This was Mr Cox. The retort was hardly courteous.

'You be hanged!'

Mr Burton reached the front door as the knocking was recommencing. From where they were they could not see what he did, but they could hear. They heard him open; a feminine voice inquire, in tones of indignation,--

'What's the meaning of this? Why am I kept waiting?'

Then the front door slammed, the drawing-room door was thrown violently open, and two young ladies came through it, one after the other, with such extremely indecorous rapidity as to suggest that they could scarcely be entirely responsible for their own proceedings, as, indeed, they were not. Mr Horace Burton had propelled them forward with his own right arm before they themselves had the least idea what was about to happen. And, following right upon their heels, he closed the drawing-room door, turned the key and stood with his back against it, surveying them with his habitual, benignant smile.

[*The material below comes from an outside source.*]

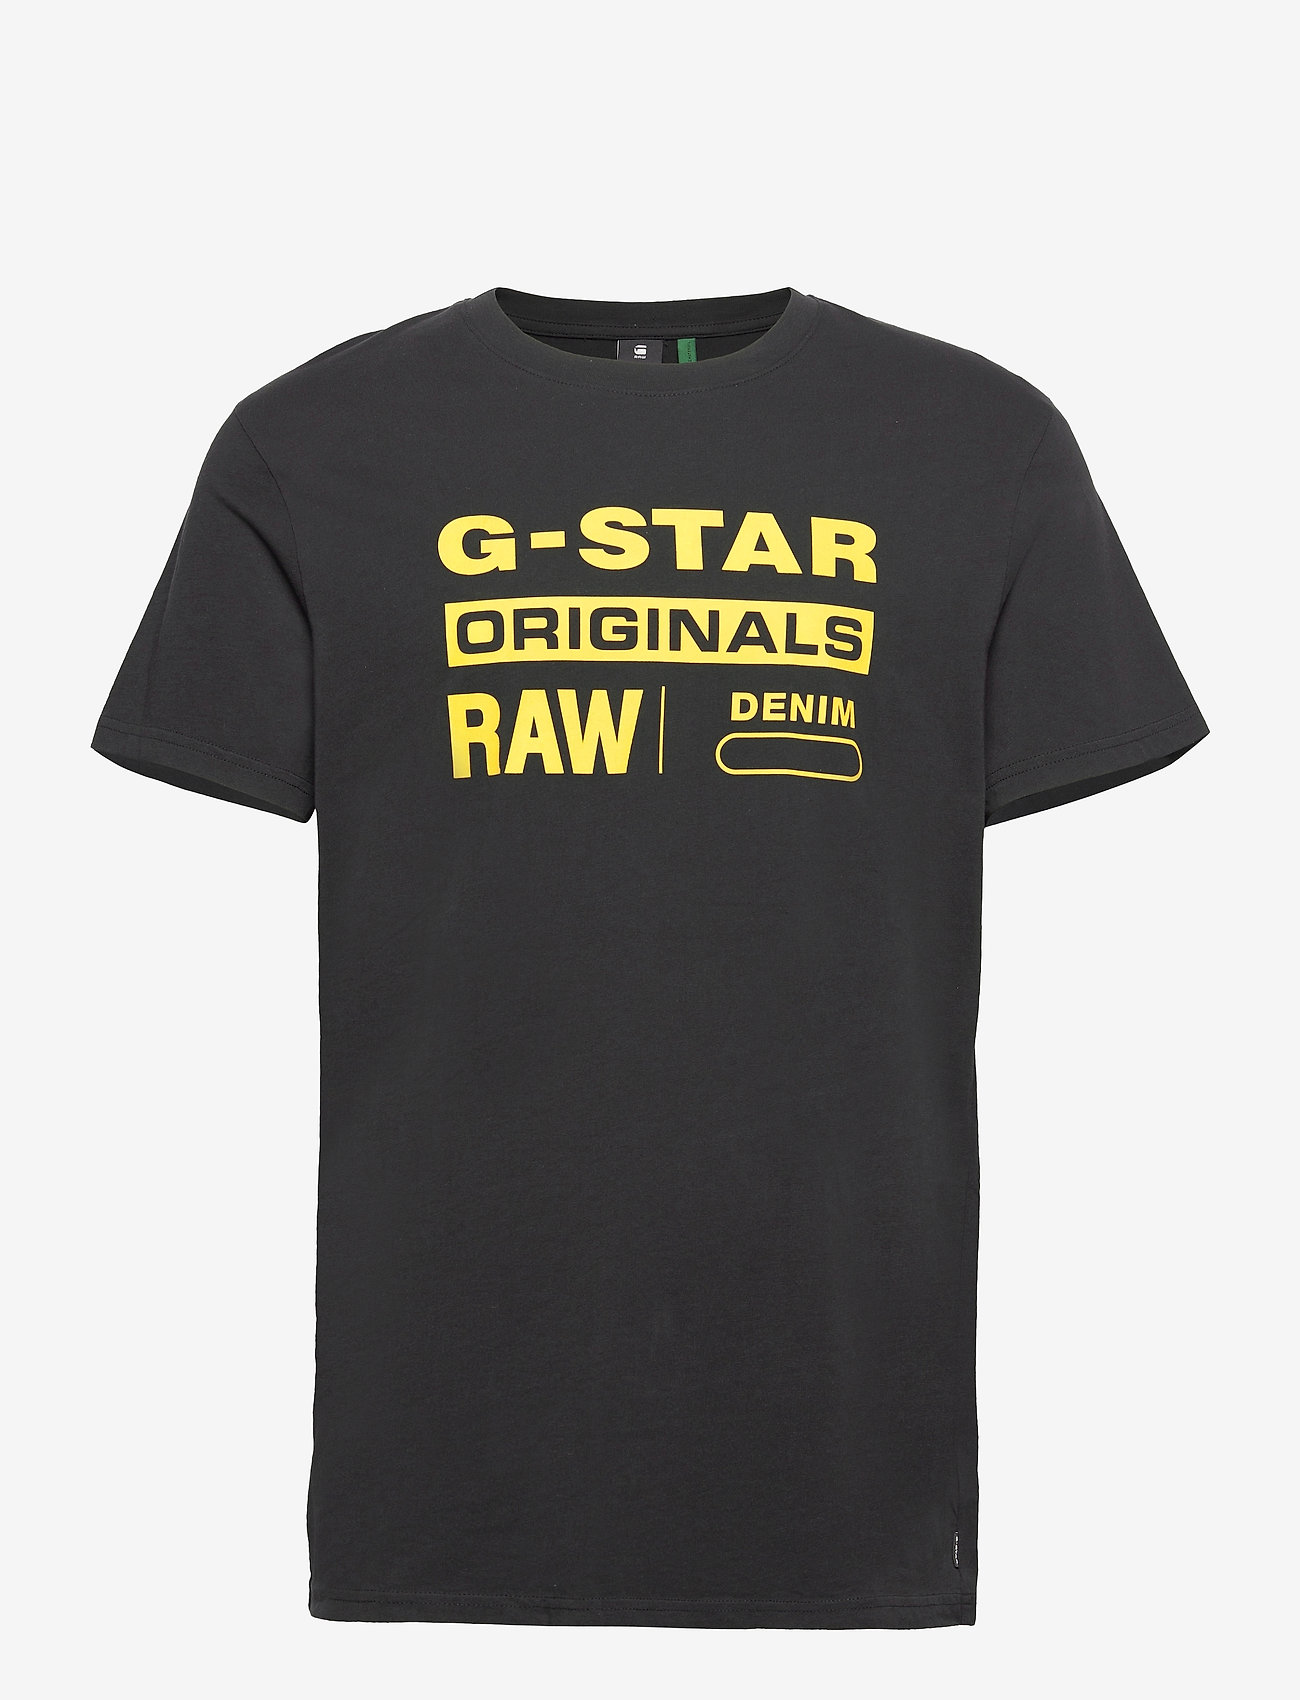 G-Star RAW - Graphic 8 r t s\s - lägsta priserna - dk black - 0
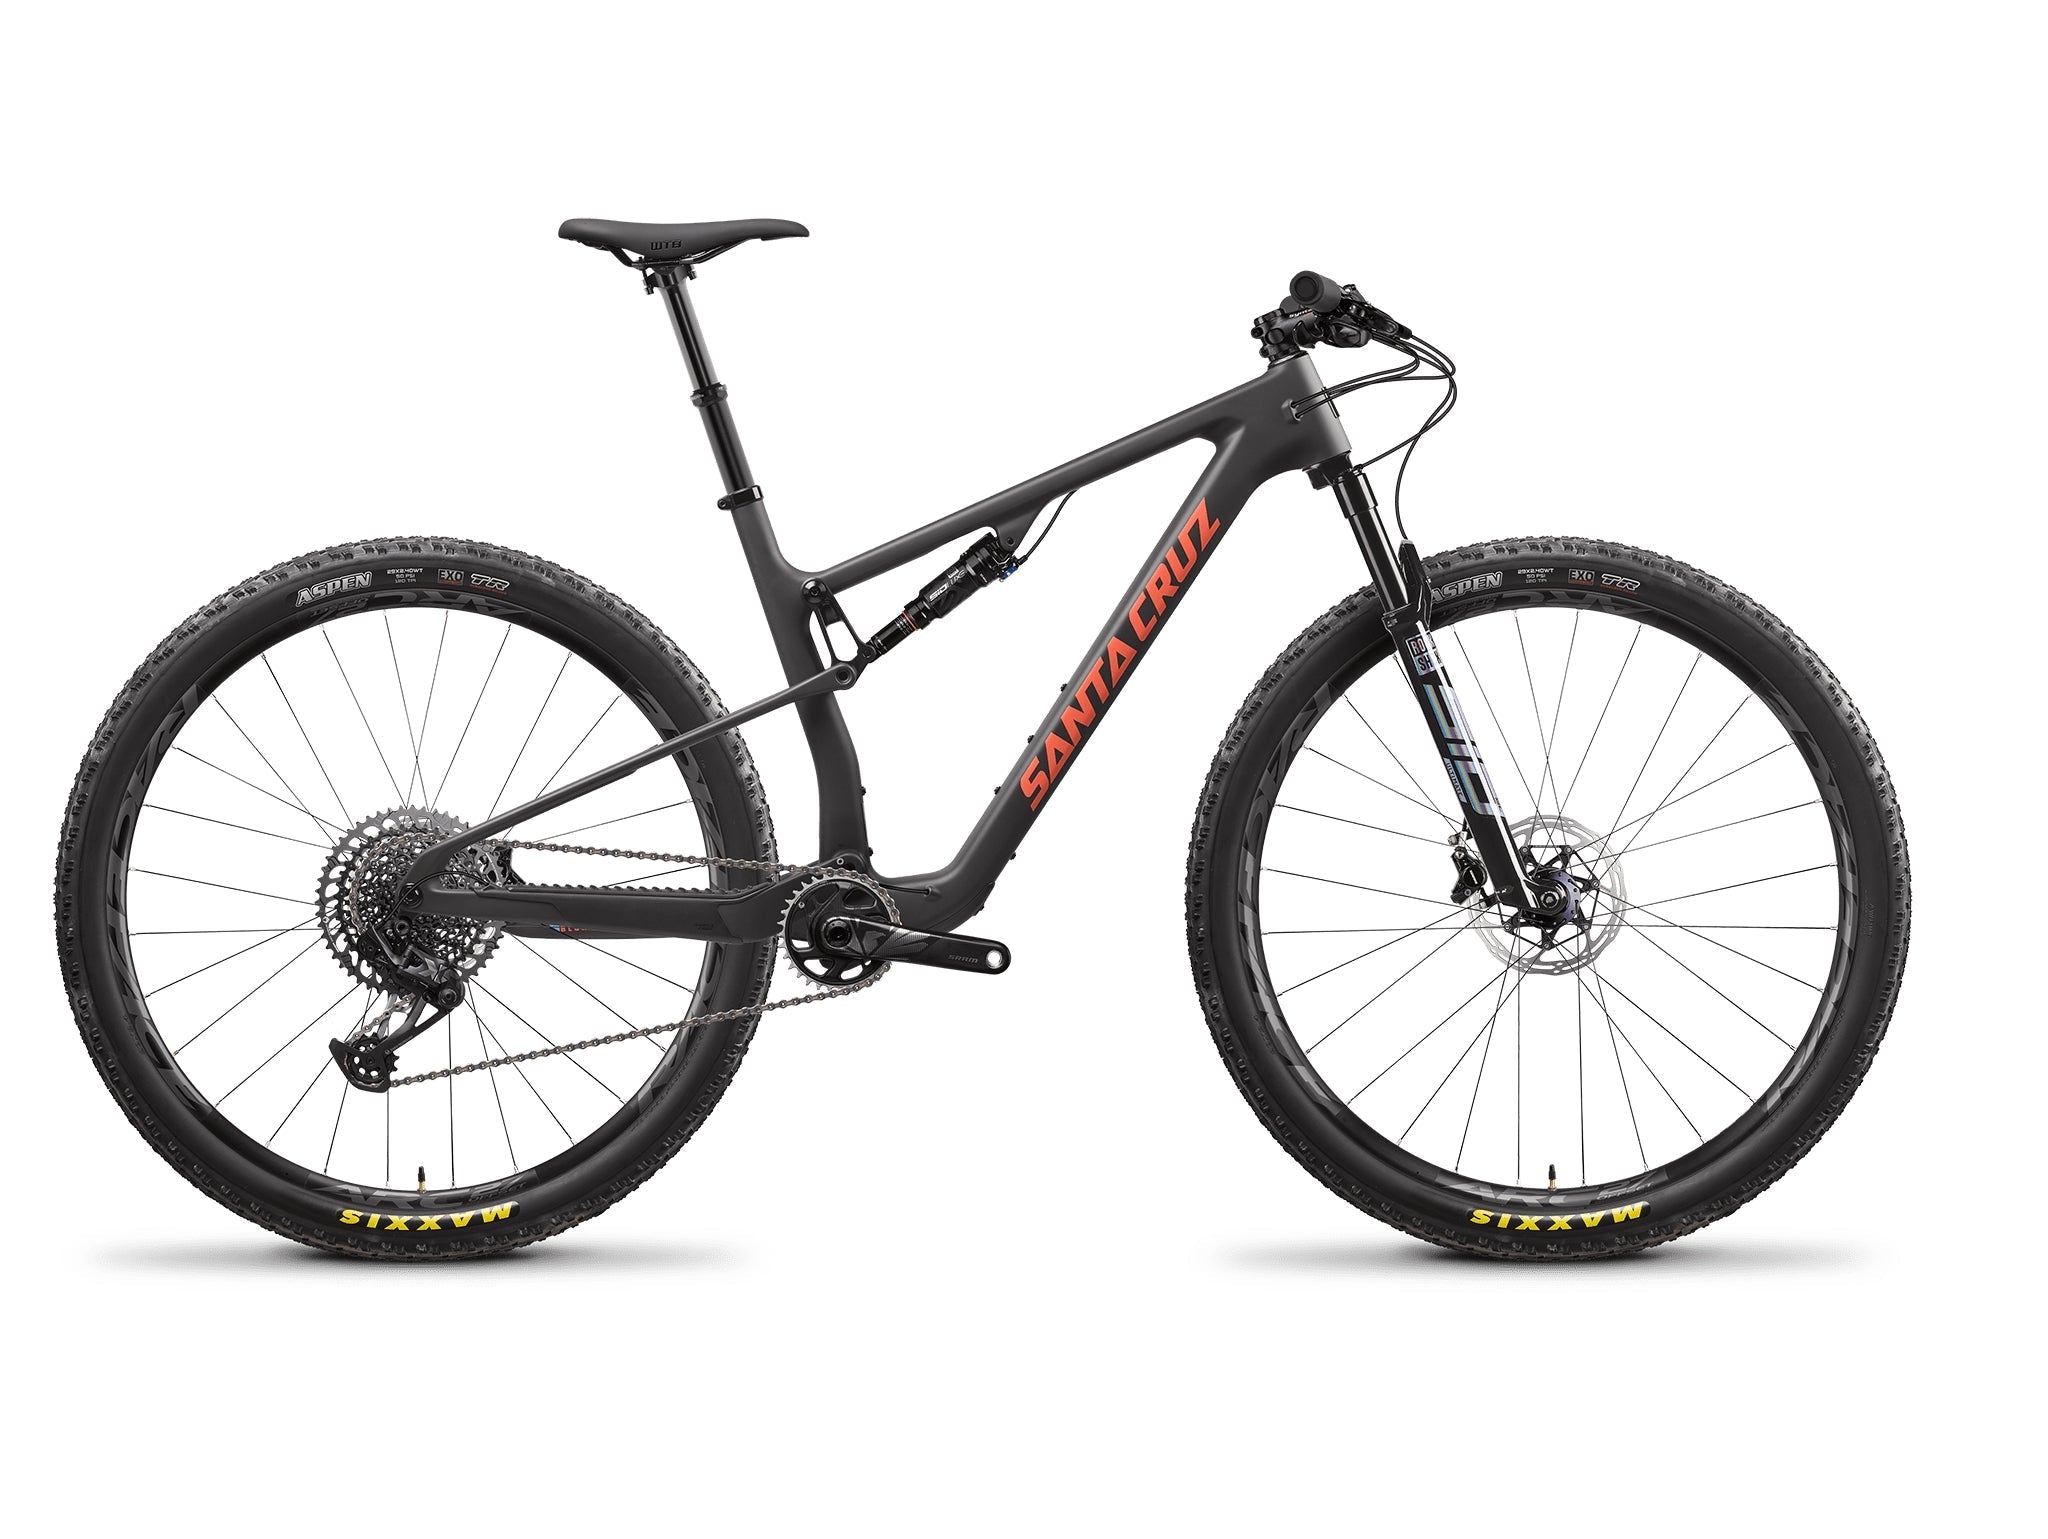 2021 Santa Cruz Blur XC Carbon CC 29 Complete Bike - Dark Matter

It was what they call upon the stage a tableau, The smiling gentleman, the two bewildered ladies, the two other almost equally bewildered men, for it was an open question which were the more surprised by the singularity of Mr Burton's behaviour--Miss Bewicke and Miss Broad or Mr Thomas Cox and the Flyman.

The peculiar nature of her reception seemed to have driven Miss Broad's wits completely from her. She gazed around like a woman startled out of sleep, who has no notion of what has roused her. Miss Bewicke had apparently retained some fragments of hers. She looked at Mr Burton, then at Mr Cox and the Flyman, then back at the gentleman who stood before the door. She eyed him up and down with a mixture, as it seemed, of amusement, anger and contempt. Could a voice have stung, hers would have stung him then. But this gentleman was pachydermatous.